Over the past year, the stock has outperformed its industry. The stock rallied 44.5% compared with the industry’s 10% rise.

Let’s delve deeper into the other factors that justify the company’s Zacks Rank #3 (Hold).

Balanced Segmental Growth: Syneos Health witnessed solid sales growth across all segments in the just-reported fourth quarter. The Clinical Solutions segment service revenue growth was 9.5% year over year, driven by higher revenues from net new business awards and increased reimbursable expenses. Within the Commercial Solutions segment, yearly revenues grew 6.3% on higher revenues from net new business awards, including European expansion and the acquisition of Kinapse. The encouraging trend is expected to continue in the near future.

 

Partnerships to Add Value: Last November, Syneos Health inked a partnership deal with AiCure (an AI and advanced data analytics company) for faster and smarter trials to optimize patient engagement.In January 2020, Syneos Health inked a collaboration and minority investment deal with Indegene Omnipresence and the company’s next-generation unified customer experience platform. These partnerships are expected to be driving growth for the company throughout 2020.

Syneos One Holds Potential: Syneos One coordinates integrated solutions across the entire clinical development and commercialization processes.
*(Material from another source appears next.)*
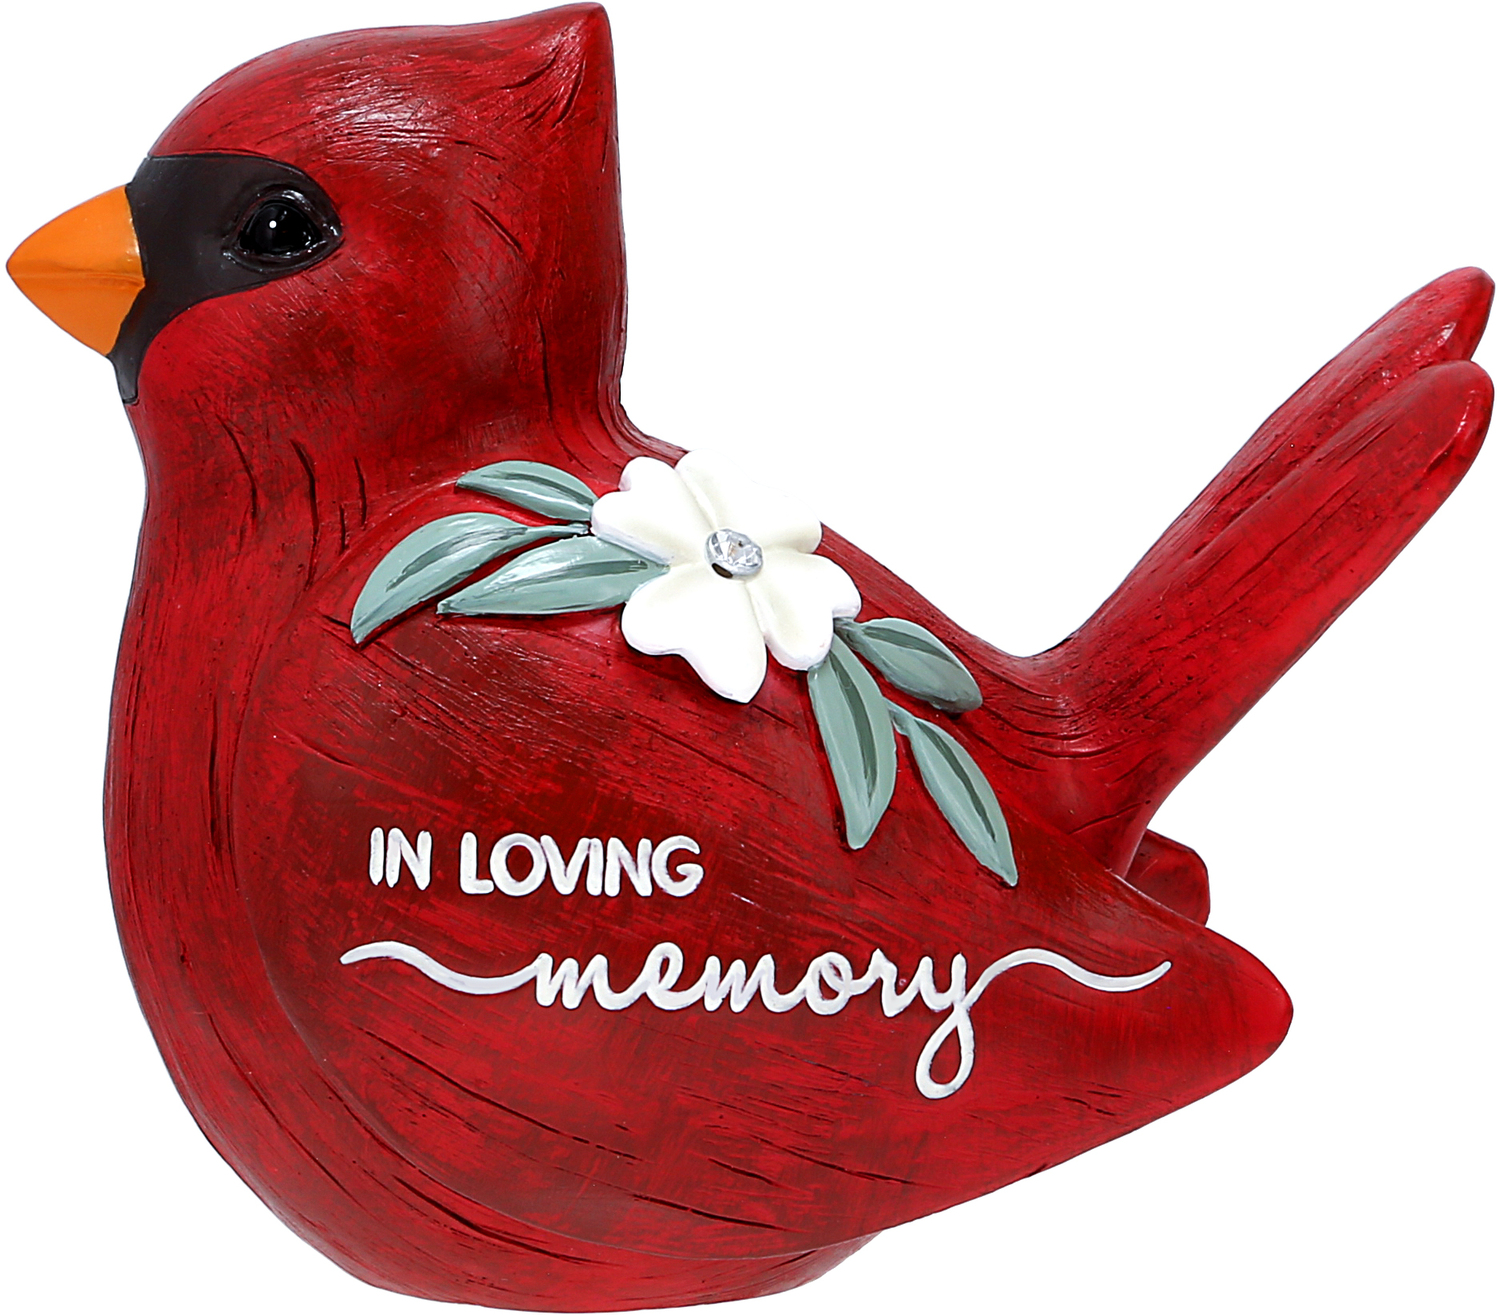 In Loving Memory by Always by Your Side - In Loving Memory - 3.75" Cardinal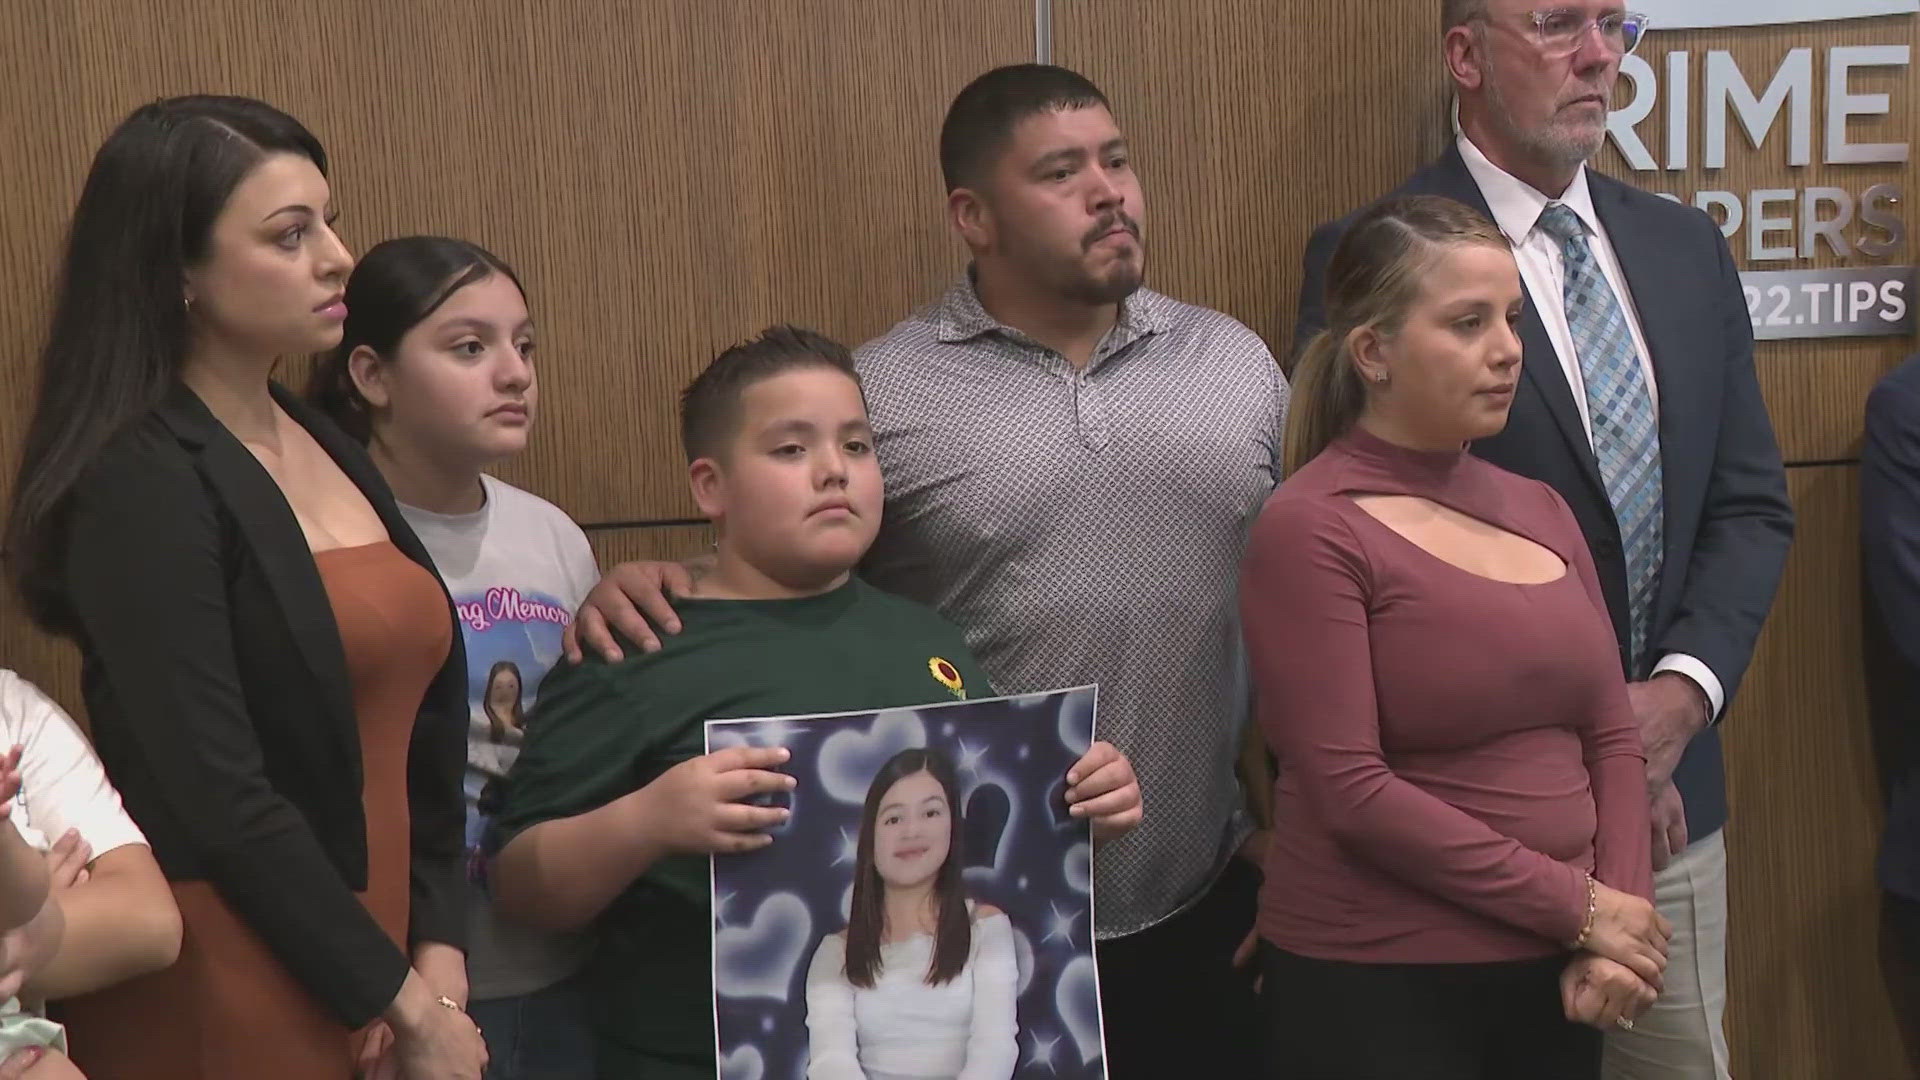 “What he did that night was execute a little girl. She was shot in the temple and she didn’t deserve that bullet in the head," said April Aguirre, the girl's aunt.

Syneos Health aims at accelerating commercial outsourcing with Syneos One. The company is optimistic about the continuation and growth of customer interest in Syneos One.

However, there are a few downsides marring the company’s prospects.

Strict Regulatory Environment:Thebiopharmaceutical industry is governed by extremely stringent governmental regulation in both domestic and global markets. Within the Clinical Solutions business, the FDA regulates the clinical trials of drug products in human enrollments, the form and content of regulatory applications. Globally, the clinical trials are governed by the laws and regulations of the country where those are conducted.

Tough Competitive Landscape: Syneos Health operates in a highly competitive environment, dominated by firms varying from large CROs and smaller specialty CROs, large global communications holding companies, smaller specialized communications agencies, contract sales organizations and a wide range of consulting companies.

Estimate Trend

The company is witnessing a positive estimate revision trend for 2020 earnings. Over the past seven days, the Zacks Consensus Estimate for 2020 earnings has inched up 0.8% to $3.69 per share.

The consensus estimate for the company’s first-quarter 2020 revenues is pegged at $1.15 billion, suggesting a 3.2% rise from the year-ago reported number.

Key Picks

Some better-ranked stocks from the broader medical space are ResMed Inc. RMD, Medtronic plc MDT and Hill-Rom Holdings, Inc. HRC.

ResMed has a projected long-term earnings growth rate of 12%. It currently carries a Zacks Rank #1 (Strong Buy). You can see the complete list of today’s Zacks #1 Rank  stocks here.

Medtronic’s long-term earnings growth rate is estimated at 7.4%. The company presently carries a Zacks Rank #2 (Buy).

Hill-Rom’s long-term earnings growth rate is projected at 11.1%. It currently carries a Zacks Rank #2.